The mature comparator is a GitHub Actions workflow's permissions: block, already present in 33% of workflows (Carey et al., arxiv:2606.26924):

# .github/workflows/release.yaml
permissions:
  contents: read
  pull-requests: write

Two pieces of information land in one block: the agent's allowed surface and a structured artifact the consuming repo, CI, and any downstream auditor can read. The supply-chain prescription is to give agent configs the same shape — a declared permissions surface that lives next to the prose, plus a hash-and-tag pinning convention so consumers know which exact bytes they are using. The paper proposes "Rel(AI)Build" as one such control plane (arxiv:2606.26924); the practitioner takeaway is the shape, not the specific tool.

When This Backfires

The qualified scope is not decoration — several conditions invert the recommendation:

  • Compliance is not the benefit. McMillan (2026, arxiv:2605.10039) ran a factorial study across 1,650 Claude Code sessions and found rearranging configuration files does not measurably change compliance within realistic file sizes. The gain from this pattern is governance, not behavior — see Configuration File Structure Does Not Drive Compliance.
  • The execution layer is the real security boundary.
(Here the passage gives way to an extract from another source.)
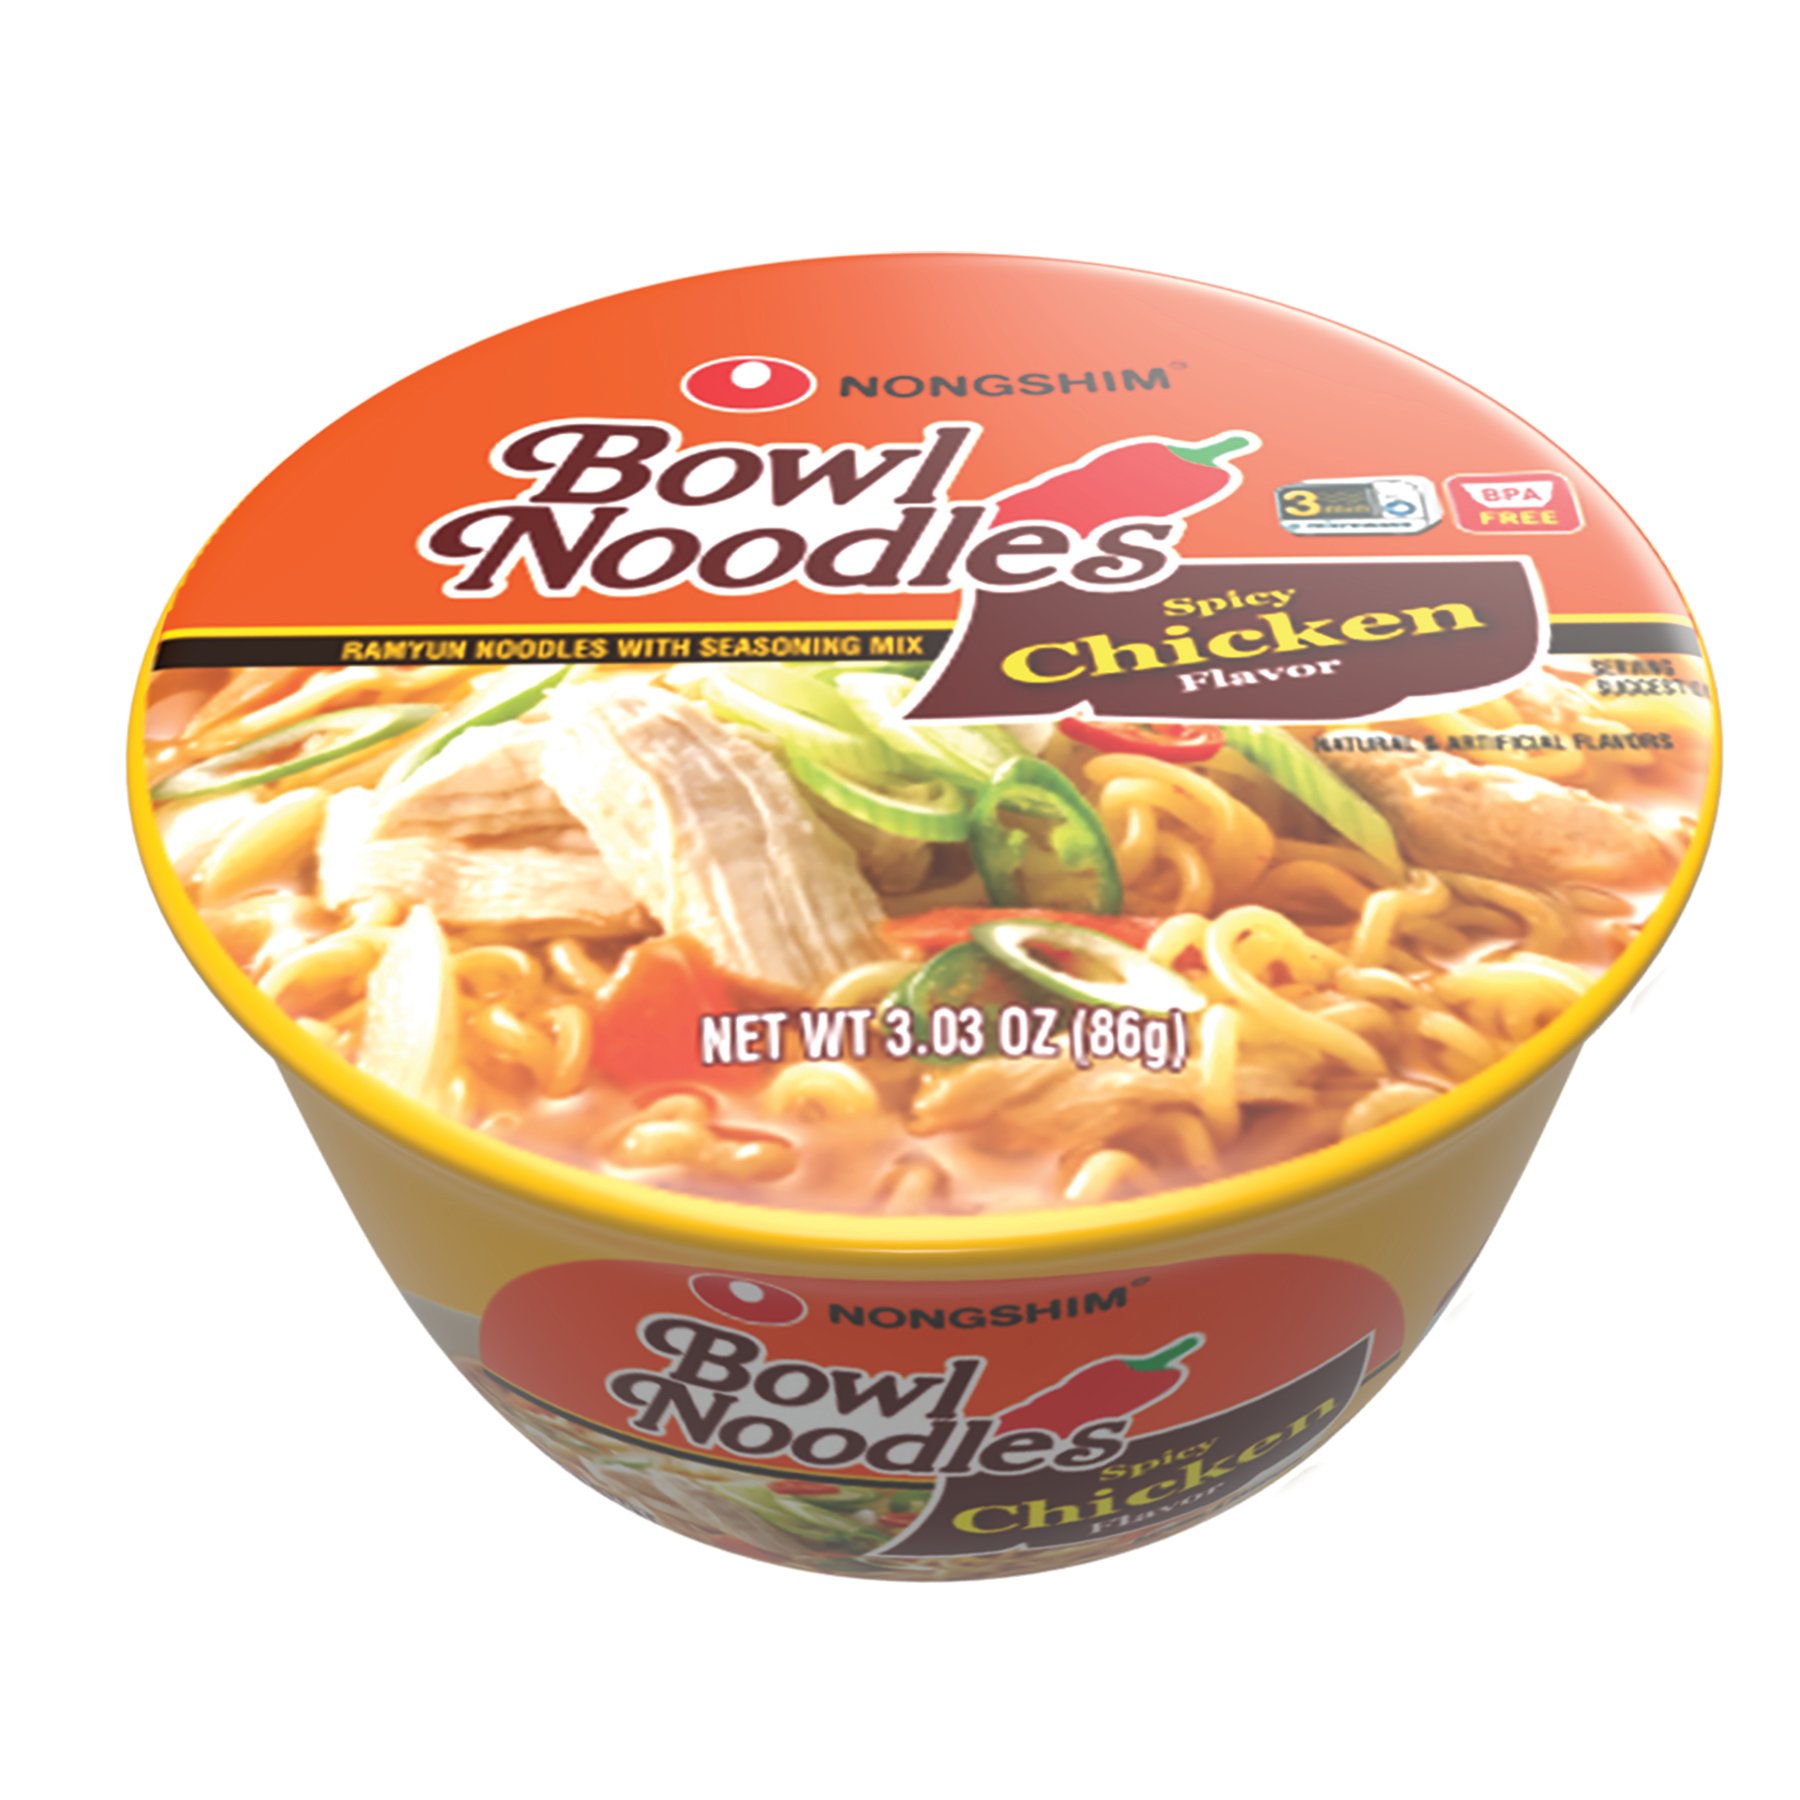 Nongshim Noodle Bowl: Spicy Chicken
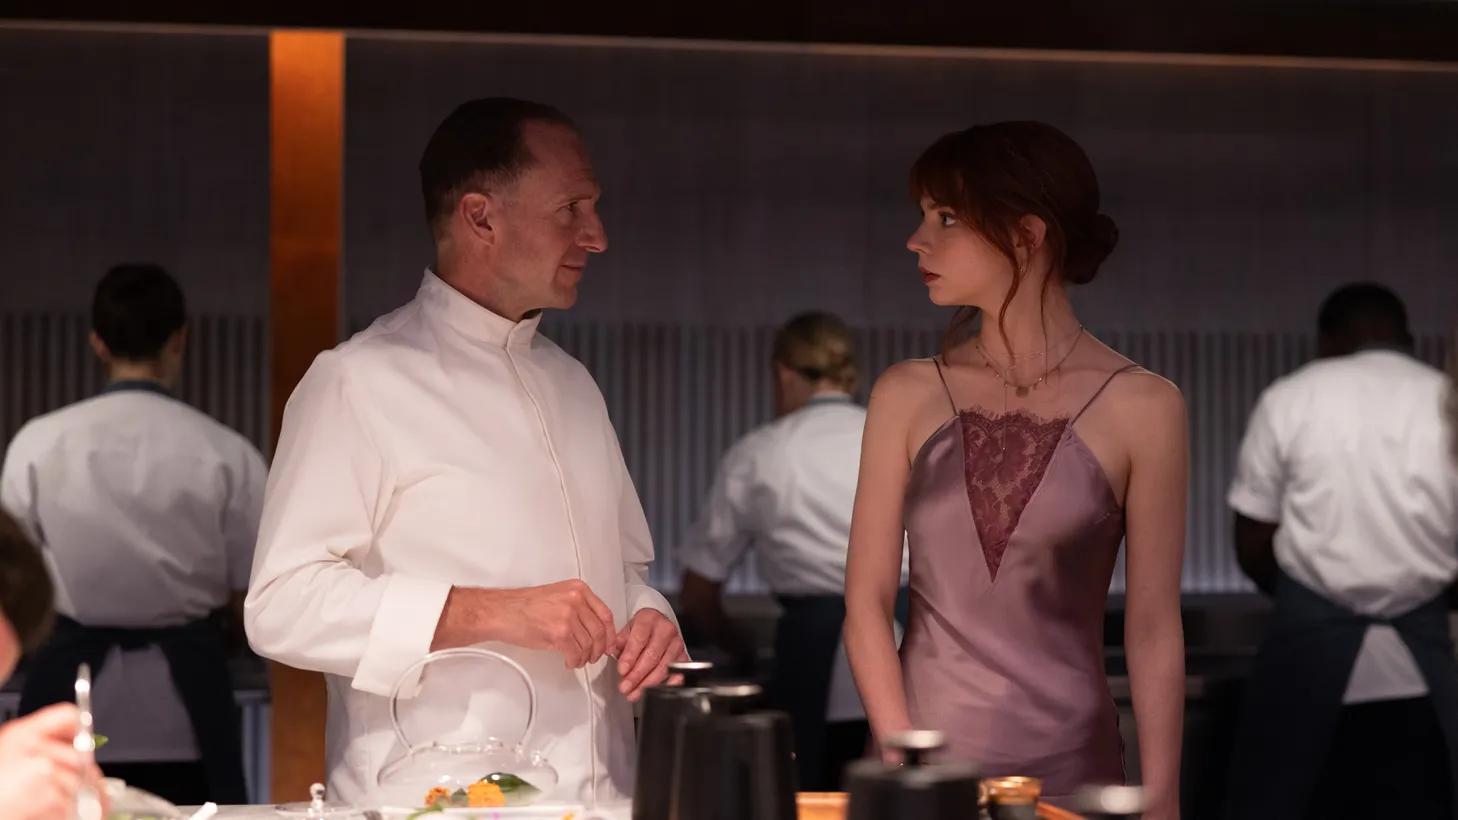 Ralph Fiennes (left) plays Julian Slowik, a chef looking to exact revenge on both his critics and acolytes in "The Menu." The actor and Anya Taylor-Joy were both nominated for Golden Globes for their roles.

Hooks for Enforcement vs Prompts for Guidance blocks deterministically regardless of what the markdown says; a config-layer permission DSL whose violations are advisory adds review overhead without closing the breach path.
  • Single-repo single-team stacks. Carey et al.'s 75.5% cross-org clone rate is the population the pattern is for; a config consumed only by agents in its own repo gets versioning and rollback from existing git history for free.
  • Short-lived projects. Hashing, pinning, and drift detection only amortise across repeated promotion cycles.
  • Apples-to-oranges permission gap. The <1% vs 33% comparison is partly a measurement artifact: agent configs often declare boundaries in unstructured prose the Carey et al. regex-based detector cannot pick up. Leading with the comparison overstates the gap.
  • Standardised duplication is not negligent duplication. The 10.1% exact-duplicate rate does not distinguish copy-paste-and-forget from deliberate adoption of an industry template (the agents.md spec is itself copy-able). The failure mode is unpinned duplication, not duplication.
  • Developer outcomes are unvalidated. Carey et al. explicitly defer "developer outcomes" to future work — the control plane's mechanisms are tested for conformance only.

Key Takeaways

  • A 2026 prevalence study of 10,008 repos found agent configs are an undeclared shared-component supply chain: 10.1% exact-duplicate rate, 75.5% cross-org propagation, near-zero revision cadence, <1% permission declarations (Carey et al., arxiv:2606.26924).
  • Four control-plane mechanisms close the governance gap: content addressing, permission declaration, state-machine promotion, drift detection.
  • The pattern earns its keep at multi-repo, multi-team, or regulated scale. Single-repo single-team stacks already get the benefit from git.
  • The benefit is provenance and rollback, not model compliance. McMillan 2026 shows file structure does not move compliance — the pattern's value lies elsewhere.
  • The execution layer (hooks, sandboxes, capability tokens) is the real security boundary. Config-layer permission DSLs are governance artifacts, not enforcement mechanisms.